Repeat the lines of the data exactly, from the first one through the one that contains "e Simple Country".

*** RECORD EXTRACTS Section Begins ***

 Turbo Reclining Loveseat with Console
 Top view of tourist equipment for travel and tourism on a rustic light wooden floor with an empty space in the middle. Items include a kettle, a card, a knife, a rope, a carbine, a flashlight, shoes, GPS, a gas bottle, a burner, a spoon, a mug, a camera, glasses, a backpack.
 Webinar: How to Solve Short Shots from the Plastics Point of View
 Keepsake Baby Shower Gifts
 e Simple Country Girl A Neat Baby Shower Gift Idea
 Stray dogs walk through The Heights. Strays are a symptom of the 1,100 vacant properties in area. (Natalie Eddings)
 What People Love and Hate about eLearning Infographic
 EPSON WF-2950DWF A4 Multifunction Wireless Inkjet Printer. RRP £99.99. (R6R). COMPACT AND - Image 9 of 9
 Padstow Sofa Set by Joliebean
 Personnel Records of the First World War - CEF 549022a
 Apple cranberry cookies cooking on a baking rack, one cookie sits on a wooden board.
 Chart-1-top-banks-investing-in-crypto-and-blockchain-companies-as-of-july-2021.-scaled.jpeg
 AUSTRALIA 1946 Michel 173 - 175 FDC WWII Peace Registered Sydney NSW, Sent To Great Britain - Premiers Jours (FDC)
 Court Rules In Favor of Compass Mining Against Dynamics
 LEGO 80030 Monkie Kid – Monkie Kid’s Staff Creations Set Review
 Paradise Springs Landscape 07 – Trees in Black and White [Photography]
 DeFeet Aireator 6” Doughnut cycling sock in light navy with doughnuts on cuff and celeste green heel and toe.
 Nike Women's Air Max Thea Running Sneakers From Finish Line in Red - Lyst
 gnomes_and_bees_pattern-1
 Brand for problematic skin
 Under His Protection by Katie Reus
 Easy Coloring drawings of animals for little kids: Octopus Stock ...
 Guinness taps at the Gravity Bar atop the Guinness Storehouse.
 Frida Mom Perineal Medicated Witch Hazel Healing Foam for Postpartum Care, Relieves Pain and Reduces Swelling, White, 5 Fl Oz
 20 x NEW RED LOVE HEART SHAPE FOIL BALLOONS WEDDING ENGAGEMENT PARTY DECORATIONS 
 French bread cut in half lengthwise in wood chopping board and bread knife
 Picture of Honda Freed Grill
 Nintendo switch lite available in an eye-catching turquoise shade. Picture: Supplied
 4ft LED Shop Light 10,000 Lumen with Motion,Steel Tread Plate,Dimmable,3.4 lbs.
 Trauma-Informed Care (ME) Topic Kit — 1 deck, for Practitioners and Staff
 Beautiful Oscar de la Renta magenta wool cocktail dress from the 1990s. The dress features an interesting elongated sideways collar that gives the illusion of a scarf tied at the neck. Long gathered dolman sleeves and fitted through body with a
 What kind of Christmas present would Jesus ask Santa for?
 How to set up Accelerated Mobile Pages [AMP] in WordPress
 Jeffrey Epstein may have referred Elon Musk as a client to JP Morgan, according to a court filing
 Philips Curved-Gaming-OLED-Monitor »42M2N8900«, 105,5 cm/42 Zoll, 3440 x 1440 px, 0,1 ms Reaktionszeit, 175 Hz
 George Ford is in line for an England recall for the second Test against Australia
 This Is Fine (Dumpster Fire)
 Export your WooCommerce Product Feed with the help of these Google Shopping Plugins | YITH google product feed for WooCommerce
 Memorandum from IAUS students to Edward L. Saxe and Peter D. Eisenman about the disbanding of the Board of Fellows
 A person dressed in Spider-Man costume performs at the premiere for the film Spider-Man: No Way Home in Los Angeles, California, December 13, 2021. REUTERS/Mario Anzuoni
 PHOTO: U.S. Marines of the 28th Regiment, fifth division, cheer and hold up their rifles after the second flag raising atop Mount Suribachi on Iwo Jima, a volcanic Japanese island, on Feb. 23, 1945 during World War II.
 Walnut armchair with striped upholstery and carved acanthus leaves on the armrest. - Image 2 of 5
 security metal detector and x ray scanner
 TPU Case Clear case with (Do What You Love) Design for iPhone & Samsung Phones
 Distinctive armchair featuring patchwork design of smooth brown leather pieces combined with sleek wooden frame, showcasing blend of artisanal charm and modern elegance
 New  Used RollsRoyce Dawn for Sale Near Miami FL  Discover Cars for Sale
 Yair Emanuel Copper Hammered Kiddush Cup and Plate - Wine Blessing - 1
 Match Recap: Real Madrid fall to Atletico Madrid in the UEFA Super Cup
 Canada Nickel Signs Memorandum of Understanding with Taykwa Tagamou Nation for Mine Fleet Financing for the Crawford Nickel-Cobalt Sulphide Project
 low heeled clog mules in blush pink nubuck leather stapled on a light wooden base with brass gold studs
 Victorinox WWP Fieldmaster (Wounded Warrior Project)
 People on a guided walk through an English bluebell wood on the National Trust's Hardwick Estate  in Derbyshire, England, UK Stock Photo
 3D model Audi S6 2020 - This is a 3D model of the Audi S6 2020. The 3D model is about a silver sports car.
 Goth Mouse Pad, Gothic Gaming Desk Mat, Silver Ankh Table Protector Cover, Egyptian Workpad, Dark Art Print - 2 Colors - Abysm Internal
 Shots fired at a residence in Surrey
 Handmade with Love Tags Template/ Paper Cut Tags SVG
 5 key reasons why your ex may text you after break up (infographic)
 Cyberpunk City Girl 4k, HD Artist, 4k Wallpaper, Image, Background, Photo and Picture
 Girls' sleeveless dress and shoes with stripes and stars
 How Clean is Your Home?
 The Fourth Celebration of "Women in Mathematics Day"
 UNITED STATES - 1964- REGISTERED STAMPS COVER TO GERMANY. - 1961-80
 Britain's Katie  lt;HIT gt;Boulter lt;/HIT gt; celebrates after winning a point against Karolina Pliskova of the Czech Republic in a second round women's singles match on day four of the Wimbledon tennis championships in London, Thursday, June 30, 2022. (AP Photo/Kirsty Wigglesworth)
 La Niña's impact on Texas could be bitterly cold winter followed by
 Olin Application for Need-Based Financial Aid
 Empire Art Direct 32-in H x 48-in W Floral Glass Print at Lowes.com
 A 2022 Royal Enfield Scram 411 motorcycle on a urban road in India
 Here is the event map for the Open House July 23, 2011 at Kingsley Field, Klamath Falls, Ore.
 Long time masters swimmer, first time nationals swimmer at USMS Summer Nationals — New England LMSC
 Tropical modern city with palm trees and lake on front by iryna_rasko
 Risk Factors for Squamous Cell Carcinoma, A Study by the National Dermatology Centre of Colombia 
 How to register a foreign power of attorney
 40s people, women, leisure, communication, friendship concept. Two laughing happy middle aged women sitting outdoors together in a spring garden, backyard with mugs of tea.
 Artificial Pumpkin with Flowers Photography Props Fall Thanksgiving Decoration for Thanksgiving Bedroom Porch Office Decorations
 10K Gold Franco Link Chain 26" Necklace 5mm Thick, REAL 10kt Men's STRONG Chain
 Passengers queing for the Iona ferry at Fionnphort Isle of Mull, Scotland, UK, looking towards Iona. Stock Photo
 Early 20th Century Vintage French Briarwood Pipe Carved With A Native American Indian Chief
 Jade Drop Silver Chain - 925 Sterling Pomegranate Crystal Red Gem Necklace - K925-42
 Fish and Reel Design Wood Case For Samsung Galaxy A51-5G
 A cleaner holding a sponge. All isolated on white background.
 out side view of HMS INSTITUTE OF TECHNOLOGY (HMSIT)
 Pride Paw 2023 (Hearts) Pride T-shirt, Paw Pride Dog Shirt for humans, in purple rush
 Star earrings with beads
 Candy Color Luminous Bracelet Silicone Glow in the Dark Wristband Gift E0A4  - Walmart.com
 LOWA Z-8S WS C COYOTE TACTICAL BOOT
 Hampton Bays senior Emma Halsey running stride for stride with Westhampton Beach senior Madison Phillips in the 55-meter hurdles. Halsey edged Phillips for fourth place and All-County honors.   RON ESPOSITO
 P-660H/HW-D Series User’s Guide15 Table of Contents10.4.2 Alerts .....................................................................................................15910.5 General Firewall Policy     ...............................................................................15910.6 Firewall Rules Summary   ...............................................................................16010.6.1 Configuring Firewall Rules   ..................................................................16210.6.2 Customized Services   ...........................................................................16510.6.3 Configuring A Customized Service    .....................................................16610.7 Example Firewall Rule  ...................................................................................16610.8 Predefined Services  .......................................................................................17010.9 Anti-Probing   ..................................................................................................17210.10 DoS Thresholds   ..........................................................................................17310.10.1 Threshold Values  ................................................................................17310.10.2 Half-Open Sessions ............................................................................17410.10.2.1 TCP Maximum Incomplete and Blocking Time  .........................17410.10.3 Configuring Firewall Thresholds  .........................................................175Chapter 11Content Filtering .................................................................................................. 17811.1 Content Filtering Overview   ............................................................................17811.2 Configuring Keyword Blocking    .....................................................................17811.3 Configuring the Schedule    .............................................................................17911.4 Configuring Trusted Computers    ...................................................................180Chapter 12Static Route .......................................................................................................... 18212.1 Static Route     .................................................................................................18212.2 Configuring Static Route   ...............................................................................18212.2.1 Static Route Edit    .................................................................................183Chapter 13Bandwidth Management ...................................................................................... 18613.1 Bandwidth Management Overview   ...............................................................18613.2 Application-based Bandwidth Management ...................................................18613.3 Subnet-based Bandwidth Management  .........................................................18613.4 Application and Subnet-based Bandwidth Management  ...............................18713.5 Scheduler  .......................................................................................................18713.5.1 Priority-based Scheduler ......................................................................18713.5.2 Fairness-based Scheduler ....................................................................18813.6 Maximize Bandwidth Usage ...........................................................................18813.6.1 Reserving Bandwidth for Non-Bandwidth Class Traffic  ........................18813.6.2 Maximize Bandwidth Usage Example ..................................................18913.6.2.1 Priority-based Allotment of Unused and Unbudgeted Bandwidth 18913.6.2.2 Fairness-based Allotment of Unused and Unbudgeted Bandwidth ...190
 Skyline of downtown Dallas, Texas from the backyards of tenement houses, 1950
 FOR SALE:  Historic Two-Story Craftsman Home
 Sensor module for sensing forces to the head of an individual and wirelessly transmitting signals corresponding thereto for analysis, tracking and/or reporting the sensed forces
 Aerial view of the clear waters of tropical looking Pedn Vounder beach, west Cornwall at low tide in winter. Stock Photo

*** RECORD EXTRACTS Section Ends ***

• **WORKED SOLUTION**
 Turbo Reclining Loveseat with Console
 Top view of tourist equipment for travel and tourism on a rustic light wooden floor with an empty space in the middle. Items include a kettle, a card, a knife, a rope, a carbine, a flashlight, shoes, GPS, a gas bottle, a burner, a spoon, a mug, a camera, glasses, a backpack.
 Webinar: How to Solve Short Shots from the Plastics Point of View
 Keepsake Baby Shower Gifts
 e Simple Country Girl A Neat Baby Shower Gift Idea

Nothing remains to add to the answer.